Renowned geologist Pat Haynes wears his cowboy hat in trademark fashion at shows, even since moving from Nevada to Northern Virginia. I didn't ask what was in his left hand when shooting the above picture at the East Coast Gem and Mineral Show in West Springfield, Massachusetts, this past August. However, he usually has with him a directory of approximately 4350 mineral species known to exist. Listings of the approximately 2300 of them in his personal species collection bear checkmarks. Eight of them he discovered himself, nine if you count squawcreekite, which he's quick to inform you that the IMA (International Mineralogical Association) discredited in 2003. He's vocal about his penchant for accurate identification, which can be tricky with the kinds of minerals he's uncovered. Seven have been secondary uranium or vanadium minerals from Colorado and Utah, one an arsenate from New Mexico.
An earlier post at Mineral Bliss featured a title shot of the mineral haynesite. In today's post is an image of a more aesthetically pleasing haynesite specimen, perhaps the best in existence. I had never heard of haynesite until months after meeting Pat at John Veevaert's open house last February in Tucson. He was there hawking micromounts and thumbnail specimens, one of which I recall being plumbophyllite, an IMA approved but yet to published new mineral that someone else discovered. Only months later, enticed to undertake some research after observing a haynesite micromount for sale on eBay, did I learn that Pat Haynes discovered not only haynesite, but seven other new minerals as well.
Beginning with haynesite, they are as follows:
Haynesite: I suspect this could be the best specimen of haynesite ever collected. Pat discovered this uranyl selenite in December of 1986 at the Repete Mine in San Juan County, Utah. Now closed and sealed, the Repete Mine is both the type locality for haynesite and the only locality from which haynesite has ever been reported.
Orthominasragrite: This extremely rare vanadium sulfate accompanied by acicular white rozenite was discovered by Pat in a silicified tree fossil at the North Mesa 5 Mine, Temple Mt., Emery County, Utah. It is the orthorhombic polymorph of minasragrite for which the type locality is the Ragra Mine (minasragra) in Peru. It occurs only in crystalline microscopic crusts.
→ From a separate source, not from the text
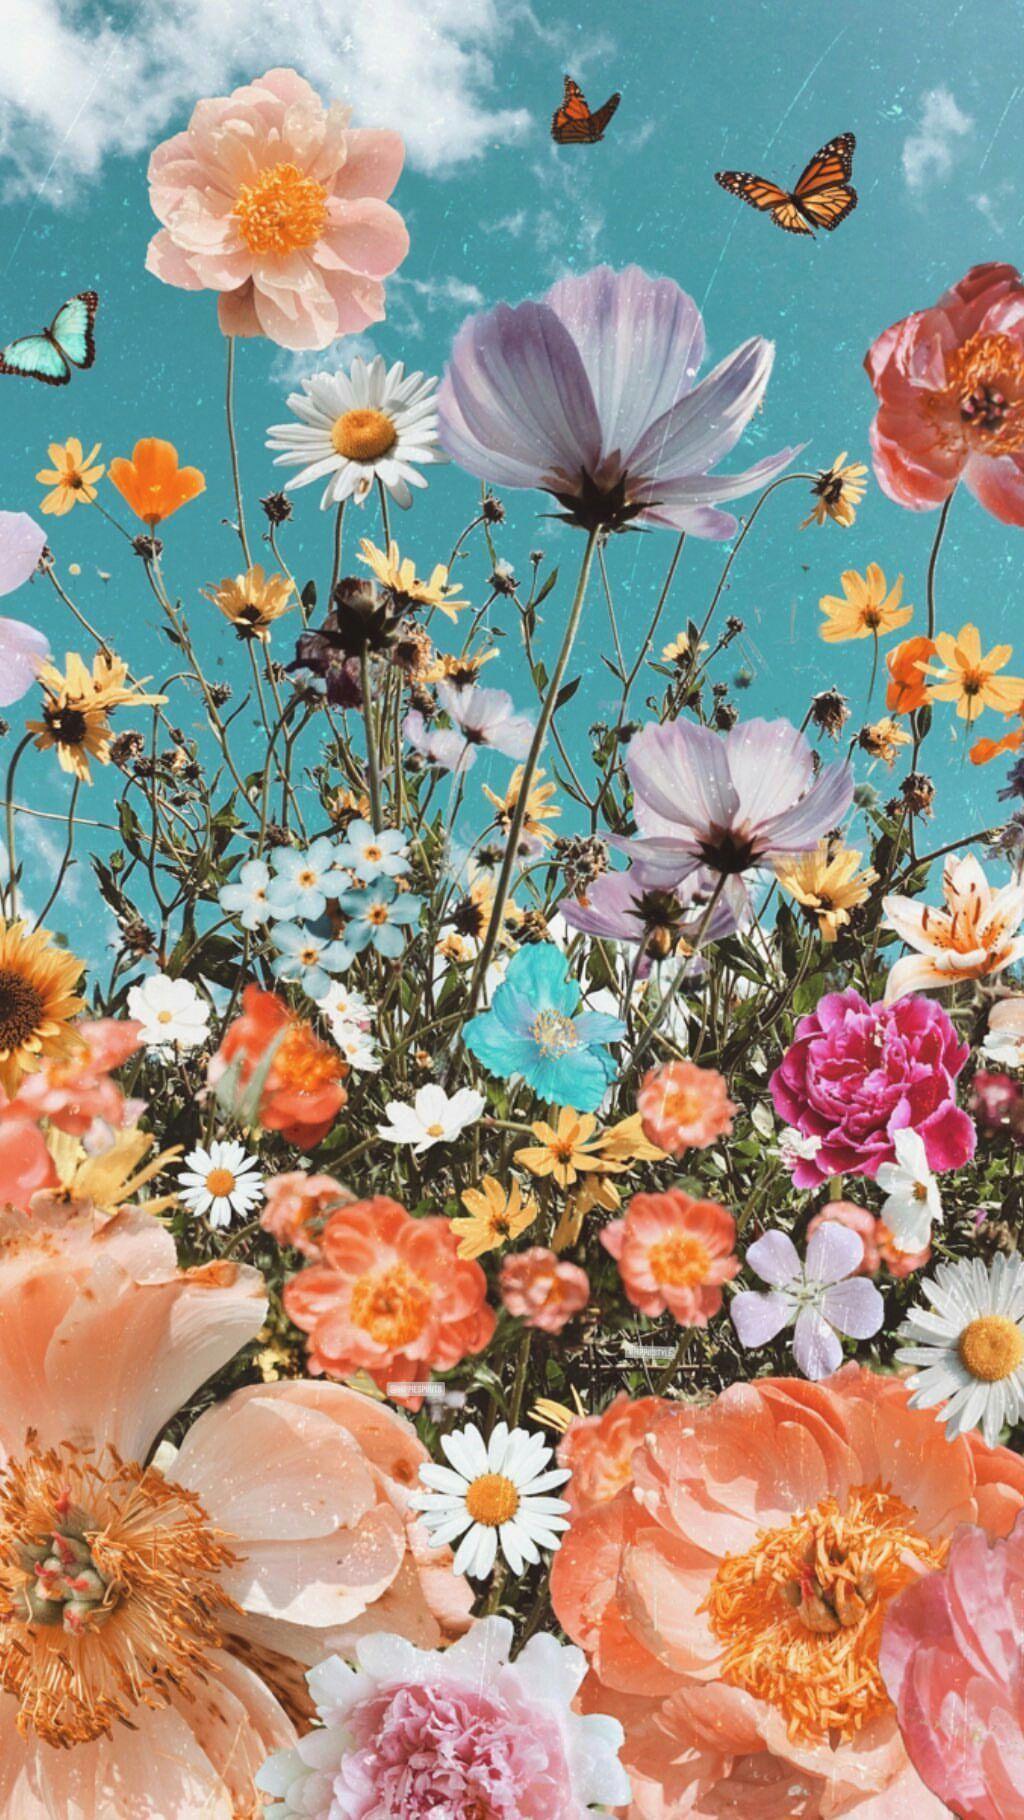 #flower #flowers #plants #botanical #floral #beautiful #background #beautiful #botanical #floral #flower #flowers #nature #plants #travel #wallpaper #wallpaper background #backgroundsforphones

Anorthominasragrite: Also discovered in a silicified tree fossil at the North Mesa 5 Mine, Temple Mt., Emery County, Utah, anorthominasragrite has mever been reported from any other locality. Anorthominasragrite is the triclinic polymorph of minasragrite. In addition to crystalline microscopic crusts similar to orthominasragrite, anorthominasragrite is also known to form lath-like crystals.
Bobjonesite: Pat insisted that this third vanadium sulfate he discovered at the North Mesa 5 Mine remain in its container to be photographed. Named by Pat to honore the eminent mineralogical speaker and writer, and editor of Rocks and Gems, Bobjonesite is stable only in extremely dry atmosphere and quickly hydrates when exposed to air. Because it has only three waters in its structure as opposed to five waters in the other vanadium sulfates, a synthetic equivalent was used during analysis to determine the x-ray powder diffraction pattern.
Blatonite: One of two minerals Pat Haynes discovered in the mid 1990's at the Jomac Uranium Mine, Brown's Rim, San Juan County, Utah, the only locality from which blatonite has ever been reported. An uranyl carbonate (monohydrate), it occurs exclusively in acicular crystals as shown . The name blatonite honors the Belgian crystallographer Norbert Blaton.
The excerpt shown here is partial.